最後她微微轉過頭,看著蹲在床另一邊的盛該,她握著他的手,一直看著他,盛該的嗓子低沉又喑啞,對她說了三個字:“我知道。”
我母親生命最後的幾秒是看著盛該的,微微帶著笑意,平靜又安詳地離去了。
她的葬禮很簡單,也沒幾個人。我和盛該,盛辭聽說了訊息以後也趕來了,楊婆婆,還有幾位她在法國的摯友。下葬那天有微微的小雨,我撐著大大的黑傘,給她獻上了她最愛的玫瑰。悼詞是楊婆婆唸的,用她最愛的法語。
我從來沒有感受過這樣寒心,母親從死亡,到安葬,我父親舒首南沒來,我姐姐舒綰晴沒來,段家一個人也沒來。我永遠記得最後那一刻,我母親只能握著盛該的手,把我託付給他。
後來我回國,默默站在舒家前院裡,看著那一大片一大片的燦爛的杜鵑花和鬱金香,身體像被千萬支鋒利的堅冰刺入,徹骨的寒冷和疼痛。
我不說話,也不笑,我沒有親人了,我沒有真正愛我的人了。每一次午夜夢迴,我都能看見自己滴著血的心臟。可有的人還叫囂著,一次一次撕碎它。
盛該在我一次一次半夜被噩夢驚醒尖叫以後,就把我抱在了身邊,每晚摟著驚醒後滿身大汗的我,不說話,開啟燈抱著我進浴室,把我放地上站好,默默放好水,出去關上門,站在浴室門口等我洗完,再把我抱回床上。有時候我會一個人蹲在浴池裡哭很久,他也會一直在門口等我,不說話,也不走。
我們回來以後,盛辭可能因為連夜趕飛機,作息混亂又淋了雨,也意外地得了重感冒,整日整夜地躺在床上打點滴,盛該照顧我又照顧他,但總是沉默著,一言不發。我偶爾會站在盛辭房間的門口,看著盛該給他量體溫,喂藥,再量體溫。然後在任何空閒的時間處理公務。
有時候我看著盛該,看著看著就落下淚來,他看到我哭,就皺著眉抱著我,把我頭放在他胸口,讓我把眼淚流在他心臟的位置。那時候我就會一遍一遍問他:“你會離開我嗎?你會不要我嗎?你會放棄我嗎?”

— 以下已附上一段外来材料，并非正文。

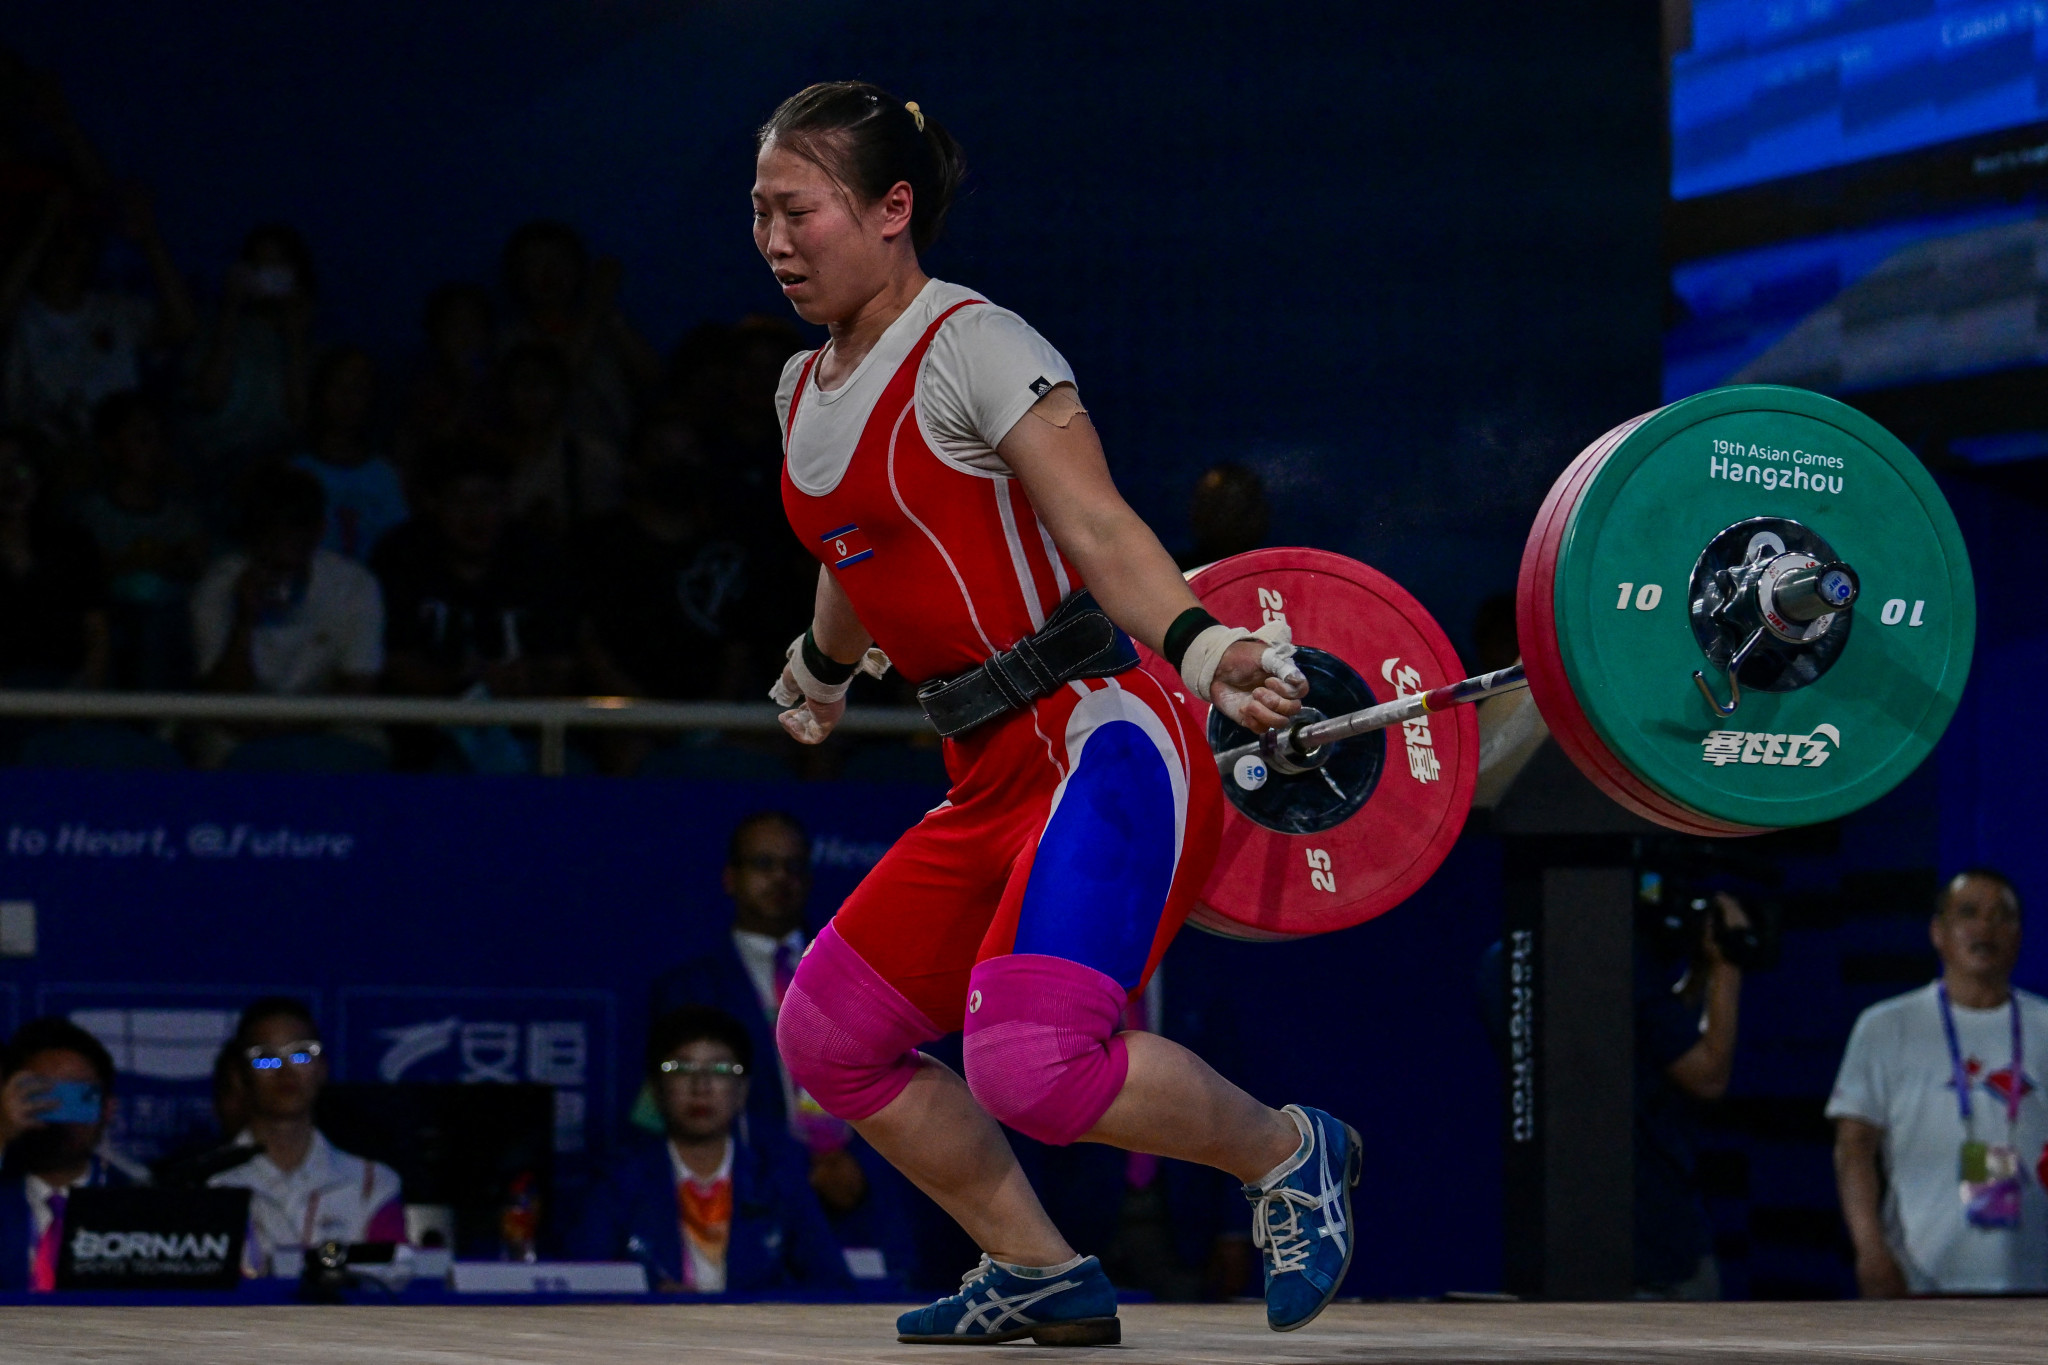 North Korean Rim Un-sim finished with a total of 251kg after a snatch score of 111kg and a clean and jerk of 140kg to win the women's 64kg weightlifting title ©Getty Images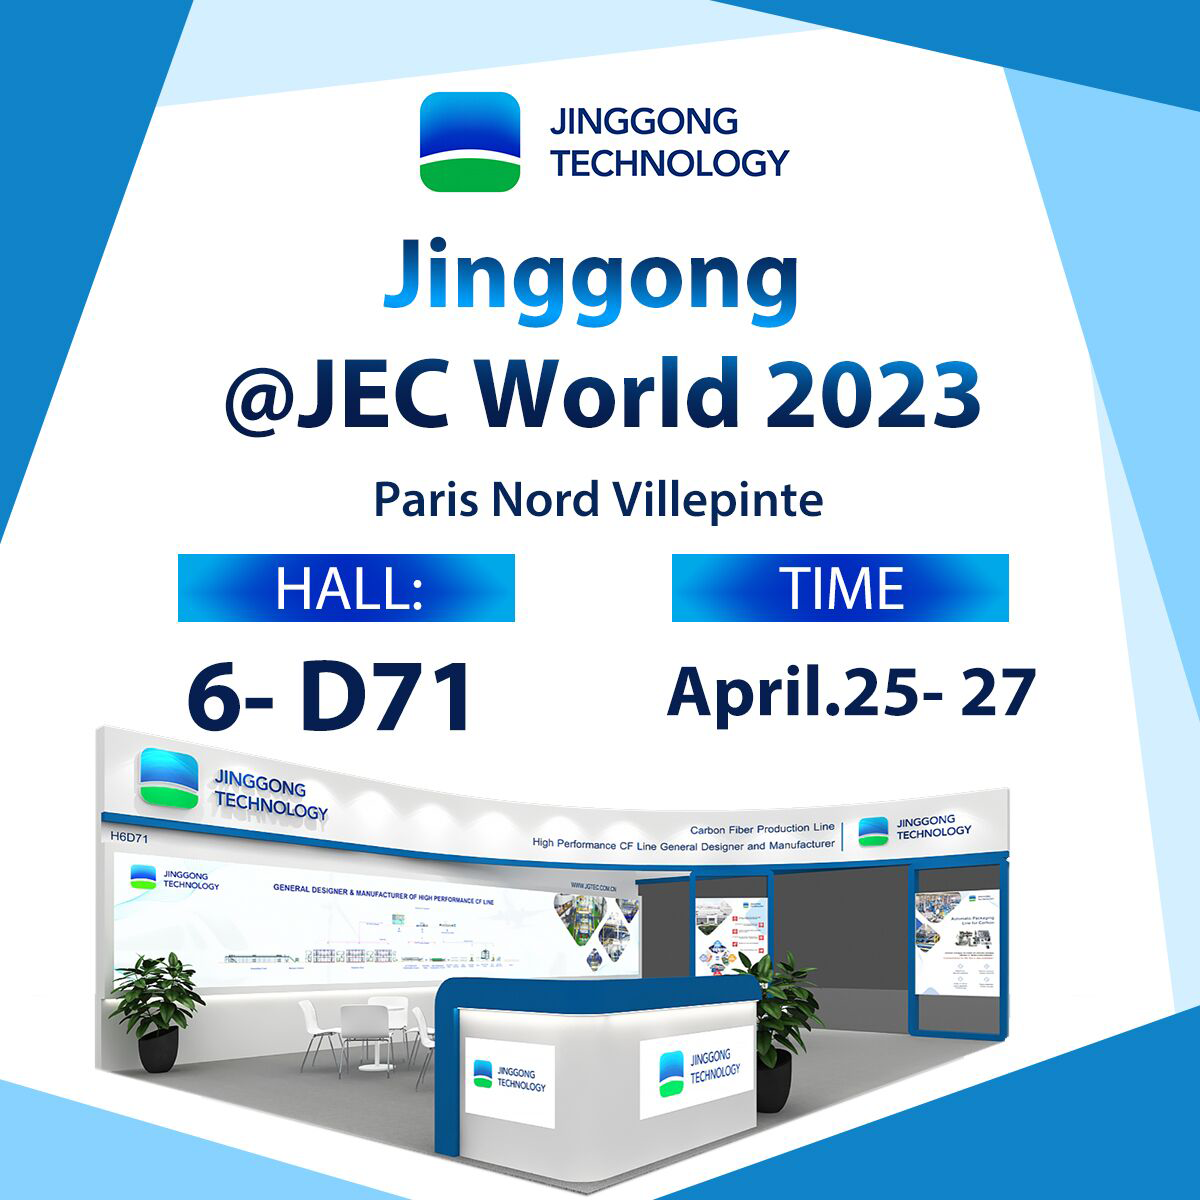 Welcome to Visit JINGGONG’s JEC Booth

他沉著聲音,一遍一遍不厭其煩地回答:“不會。”“不會。”“不會。”
這樣過了很久,盛辭漸漸好起來,但還有些咳嗽,所以他在家也帶著口罩,說是怕傳染給我,我朝他擠出笑:“怎麼會……你姐姐這麼弱嗎?”
盛辭就看了看廚房裡做飯的盛該,小聲說:“你是我哥的命啊,磕著碰著他得多心疼!”
我就微微笑著,眼睛就莫名地溼了,雖然我知道他愛誇張,但還是飲鴆止渴般問他:“是嗎?”
盛辭就說:“是啊,你沒發現嗎,你住進來以後他就戒菸了。不過沒關係……他現在有鴉片抽了,你就是他的鴉片。”
我笑著:“你胡說。”
盛辭說了以後我才注意到,他好像真的很久沒抽菸了。那天晚上我睡在他懷裡,意外的沒有做噩夢沒有被驚醒。但早上醒很早,天矇矇亮,睜開眼看見他醒著,深深地看著我。我有些緊張,想起床,他一把摟緊我不讓我走,然後說:“再陪我睡會兒。”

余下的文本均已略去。